That seems pretty damn fast, I’m really doubtful that there are any implementations out there much faster than that except for possibly object ID dicts (which are available in Julia, by the way). This is also on a rather slow laptop CPU. Granted this doesn’t necessarily guarantee that every object has efficient hashing, perhaps there are some common objects which have poor hashing?
It really depends on what you hash - there’s different implementations for different types. You can check them here and here. There may be other reasons beside performance for why each implementation was chosen - @StefanKarpinski may be able to shed some light on that, based on the git blame for those files.
I have used quite large Dicts and ObjectIdDicts and they were reasonably fast for the task (I have not benchmarked other hash tables to compare) with the exception of rehashing ObjectIdDict which takes hours when it reaches a certain size. sizehint! is your friend here if you know the approximate size of your Dict.
julia> A = rand(5);
julia> using BenchmarkTools
julia> @benchmark A[$1]
BenchmarkTools.Trial:
memory estimate: 16 bytes
allocs estimate: 1
--------------
minimum time: 20.913 ns (0.00% GC)
median time: 21.449 ns (0.00% GC)
mean time: 28.138 ns (19.46% GC)
maximum time: 40.808 μs (99.93% GC)
--------------
samples: 10000
evals/sample: 996
I seem to remember at some point understanding the reason why that seems slow, but right now I can’t think of what that might be and this strikes me as slow. Perhaps I’m just wrong and that’s a reasonable number.
On the bright side, it seems like hashing alone is really damn fast.
Cool. Can somebody please explain what interpolated means in this context. I only know about numerical interpolation and string interpolation in Julia. I am guessing it has to do with scope and local variables vs global variables.

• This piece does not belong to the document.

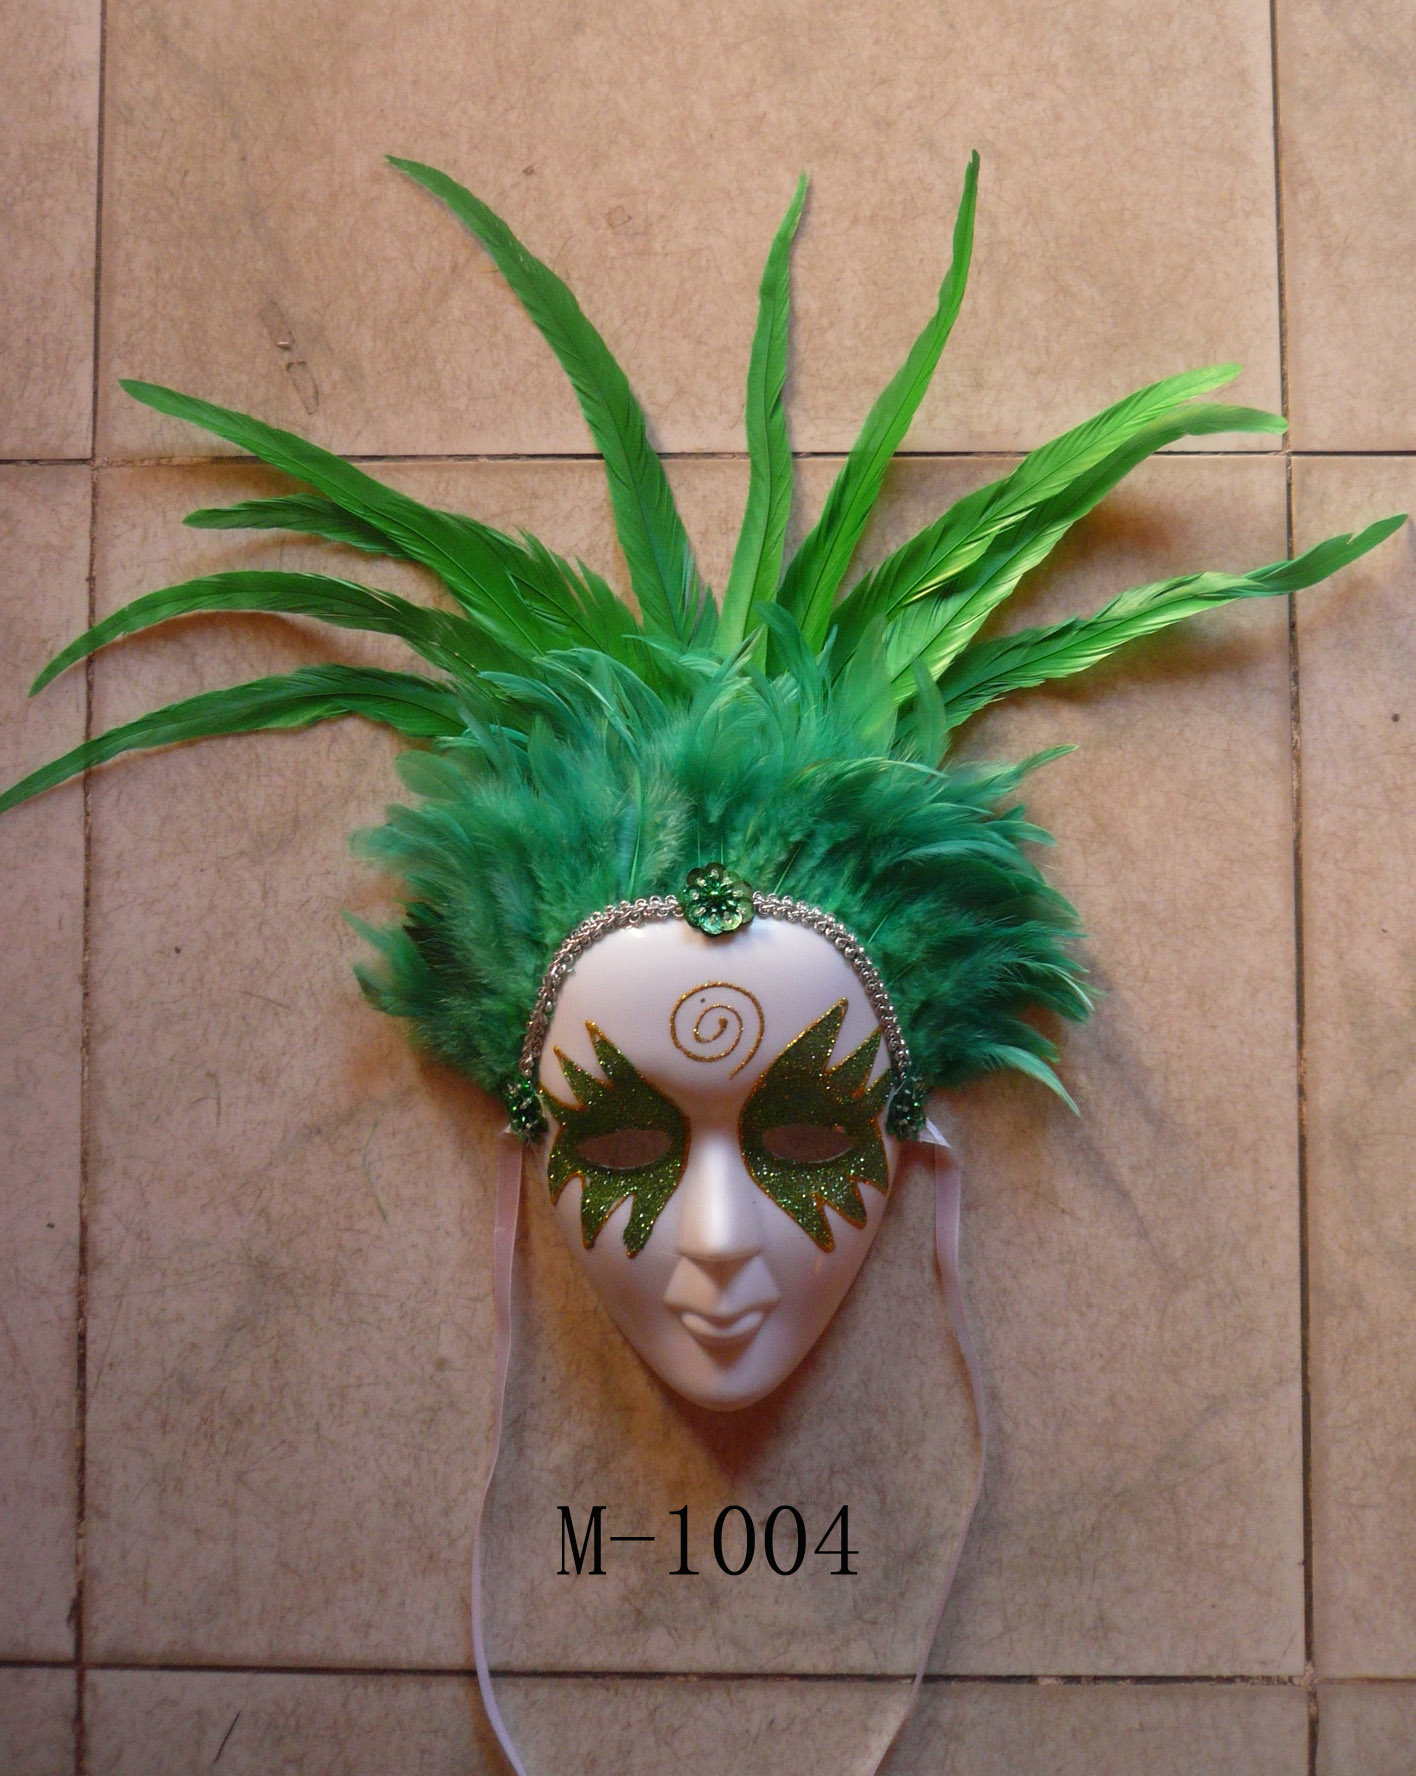 Cheap feather masks for sale - Made in China M-1004

Further, what’s the difference between @btime and normal @time in this context.
Also, how can I check what hashing algorithm that is used by default for different types.
@time literally just puts a timer around your code, so you might be including times other than the execution of your code like, especially, compile time. You’ve probably noticed that @time tends to be much faster after you run it on the same function a couple of times. @btime ensures that it only measures the actual execution of code.
In this context and interpolated value means a value that was computed before it goes into benchmarking. For example @btime x[$(rand(1:3))] executes rand before benchmarking, stores the value and uses that value as input to the benchmark.
Also, the @edit macro is extremely useful. Try, for example @edit rand().
In this context its expression interpolation. Its a metaprogramming concept. Here $A basically says “instead of using a reference to variable A, just replace it with its value”.
Yes, and in particular it is used by @btime to allow you to benchmark expressions involving global variables without paying the usual performance price in Julia for working with globals.
Without interpolation, an expression like @btime dict[3] is including the time to look up the type of dict and determine (dynamically) the correct getindex method to call for getindex(dict, 3) (= dict[3]), because dict is a non-constant global variable. This is typically not what you want, because real performance-sensitive code in Julia will normally occur in functions and act on local variables whose types are known to the compiler. By doing @btime $dict[3], it interpolates the value of dict into the expression, and allows the @btime macro to time it with the type known at compile time.
Check the links to github I posted before, you should find the implementations there. As far as I’m aware, there’s no formal description of which algorithm is used precisely and why.